No documento JEFERSON DO NASCIMENTO MACHADO (páginas 90-93)

Devemos acrescentar que este sistema de símbolos que marcam as diferenças e expressam a pluralidade identitárias do campo da Capoeira (diferença entre grupos e entre capoeiristas), não é algo recente, outrossim, são continuidades de elementos da Capoeira clássica, ou se não são uma continuidade, pelo menos se alicerçam em certo olhar para o passado, que pode ser idealizado ou não. Vale apontar que Rego (1968) não atesta que os capoeiristas usassem marcas distintivas, logo que para ele “sendo a Capoeira, assim como o Capoeira considerados coisas marginais, jamais poderia existir algo que facilmente fosse identificado pela polícia, que dormia e acordava no calcanhar dos Capoeiras” (REGO, 1968, p.73). Todavia as pesquisas mais recentes, como as de Soares (2004, p. 91), apontam que as nações e maltas de Capoeira, presentes no século XIX, possuíam marcas distintivas, as quais variavam do uso de fitas coloridas (amarelo, amarelo e vermelho, vermelho, de cores etc), chapéus coloridos ou modelo de chapéu (boné, barrete, chapéu com alfinetes, chapéu com pena etc).

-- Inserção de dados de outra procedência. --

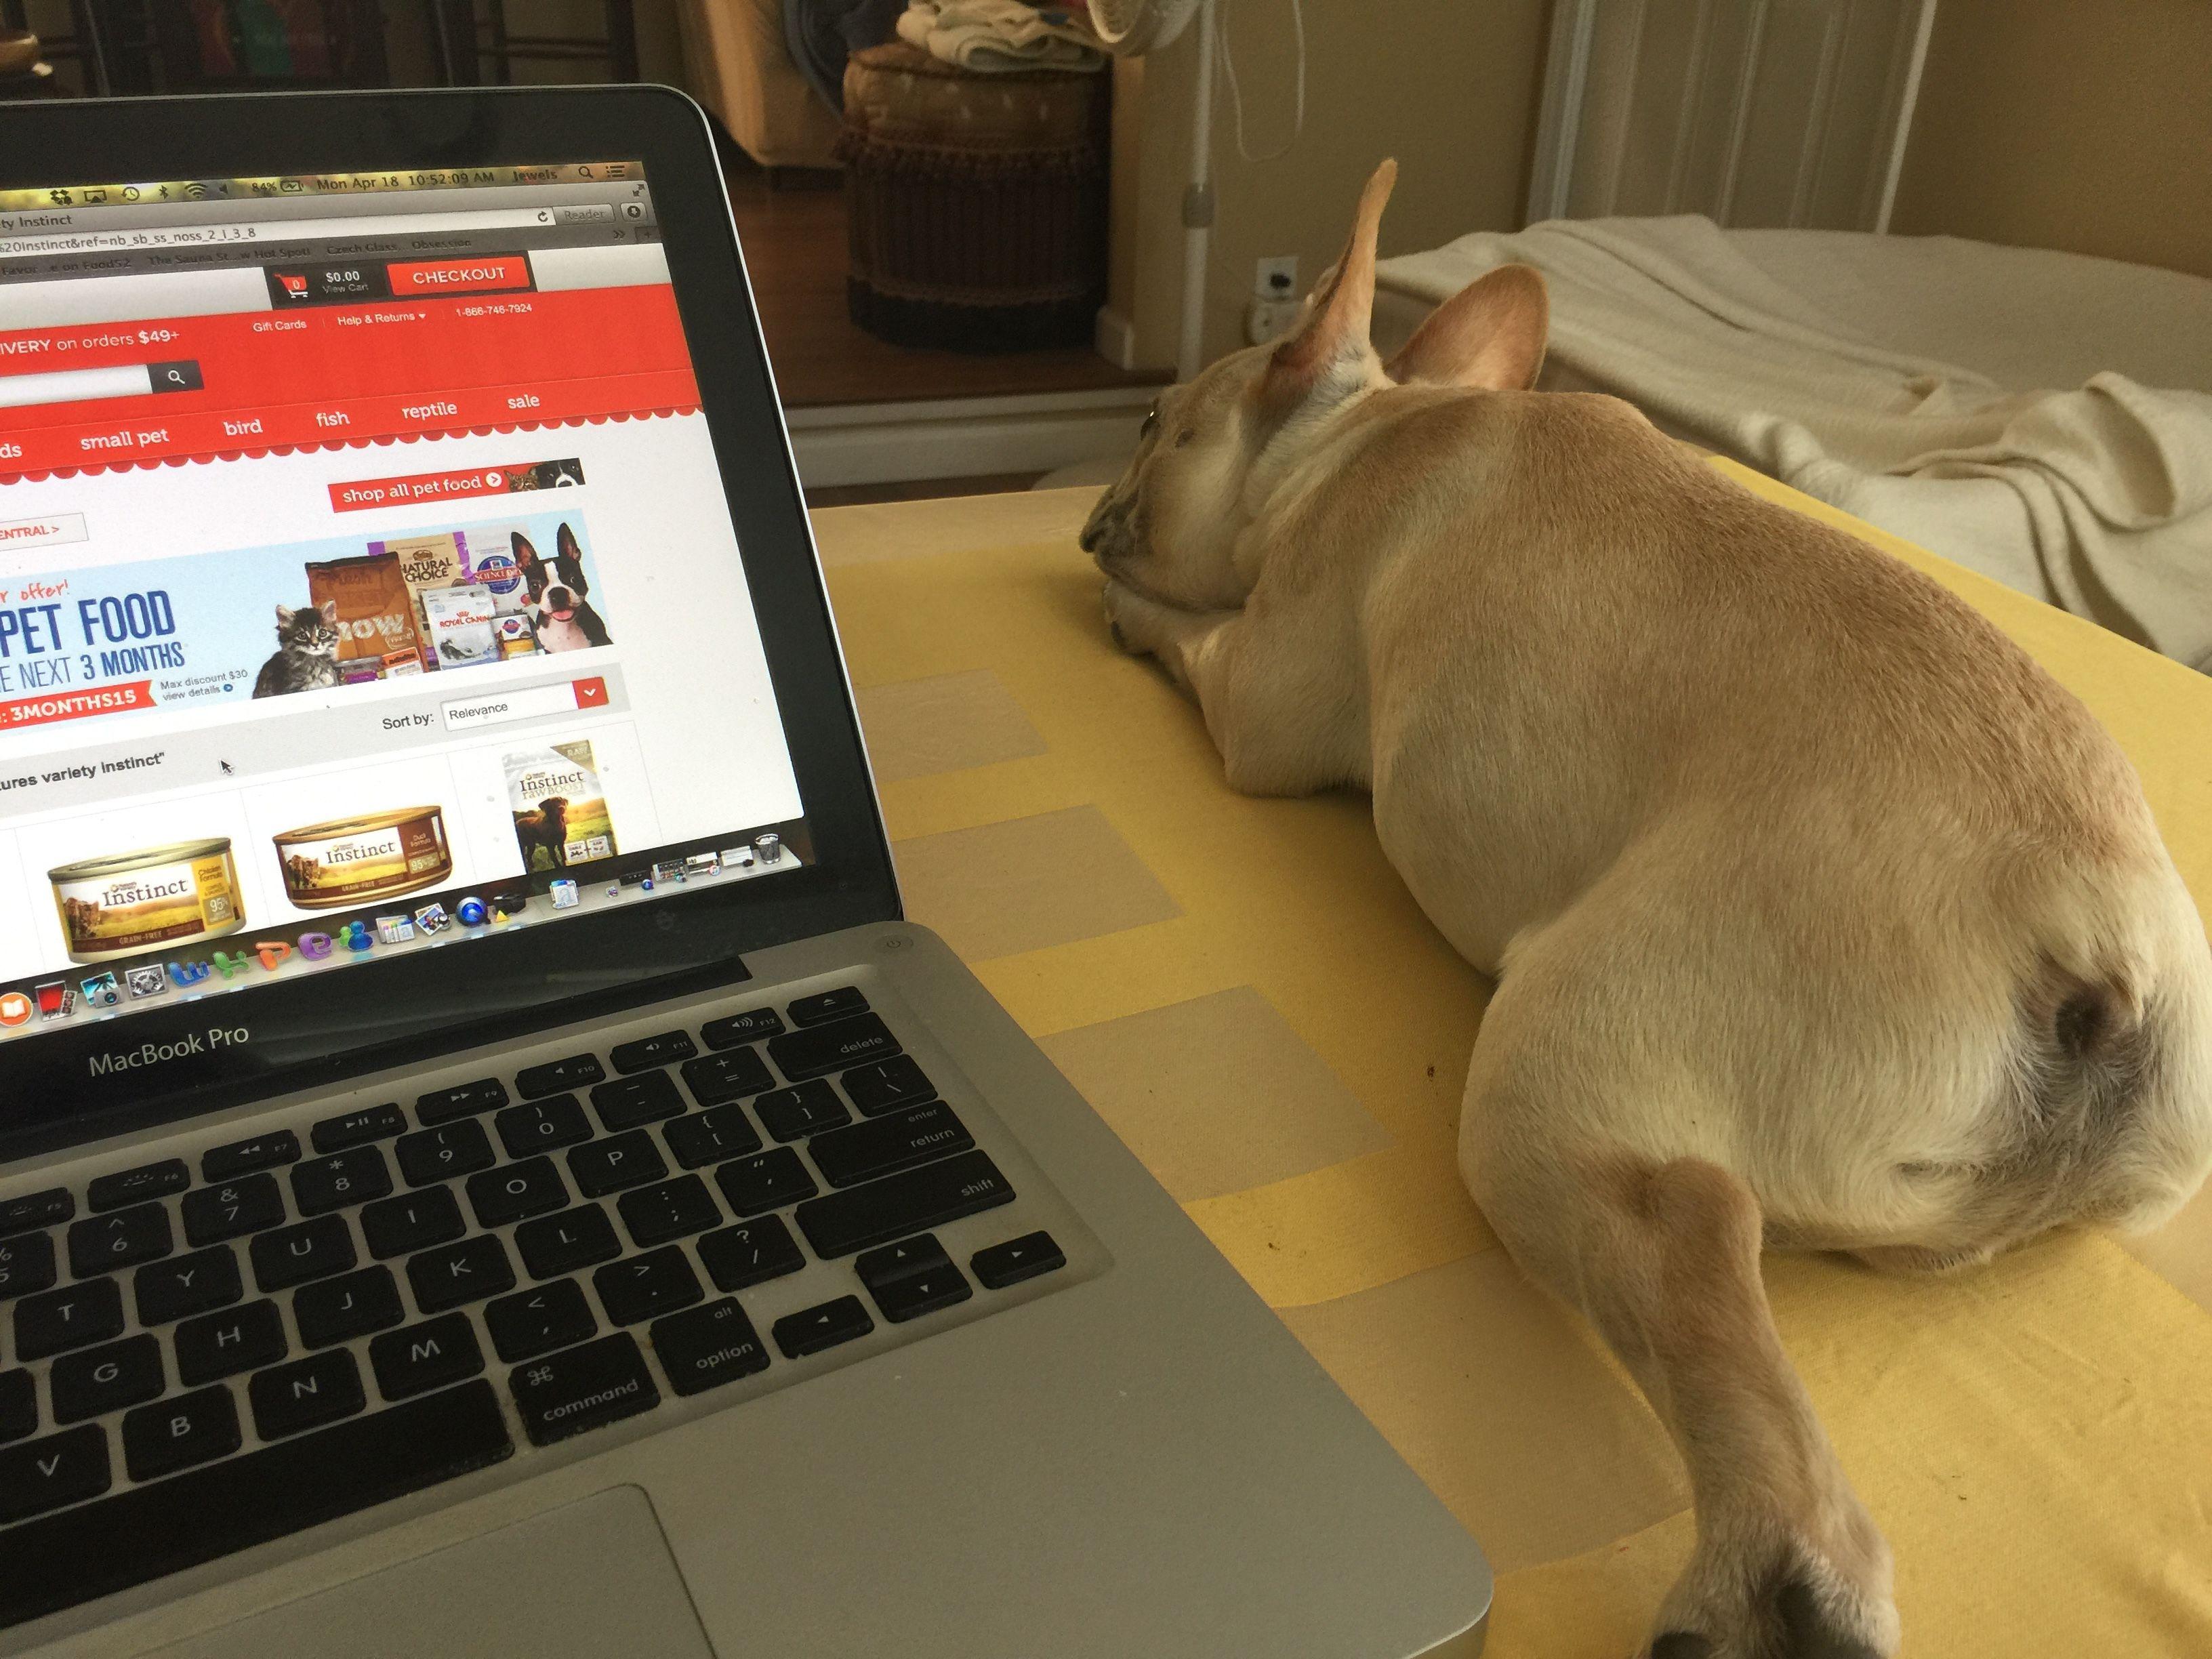 Brando Sleeping On My Desk While I Cruise The Internet

Mestre Bimba, quando formava um aluno, costumava dar uma medalha com lenço azul de seda e, posteriormente, tinham que fazer duas especializações. Ao terminar a primeira especialização, o aluno recebia um lenço vermelho e, na segunda vez, recebia um lenço amarelo. Depois mais, quando o capoeirista estava para se tornava Mestre ele recebia o lenço branco (PAIVA,2007). Por último, “[...] em vez do lenço, adotam cordas ou cordões amarrados na cintura” (PAIVA, 2007, p. 73), que permanecem até hoje.

No ano de 1989, as graduações se apresentavam de duas formas: Graduação dos Orixás ‒ formada pelas cores azul, amarela, marrom, verde, roxa, vermelha e branca ‒ e a Graduação da Bandeira do Brasil, formada pelas respectivas cores da bandeira. O primeiro sistema de graduação está vinculado a uma afirmação da Capoeira enquanto cultura africana. O segundo sistema já materializa o discurso da Capoeira nacional. Inicialmente, a graduação mais usada era a Graduação dos Orixás, mas, depois, ela começou a perder espaço para a Graduação Bandeira do Brasil (PAIVA, 2007).

Mais tarde, as cores da bandeira são adotadas como padrão pela Federação Brasileira de Capoeira. Entre os grupos vigentes em Ponta Grossa, nota-se que as cores da bandeira são mais usadas. Todavia, o grupo Muzenza ainda mantém o uso das cores dos Orixás que se entrelaçam como as cores da bandeira.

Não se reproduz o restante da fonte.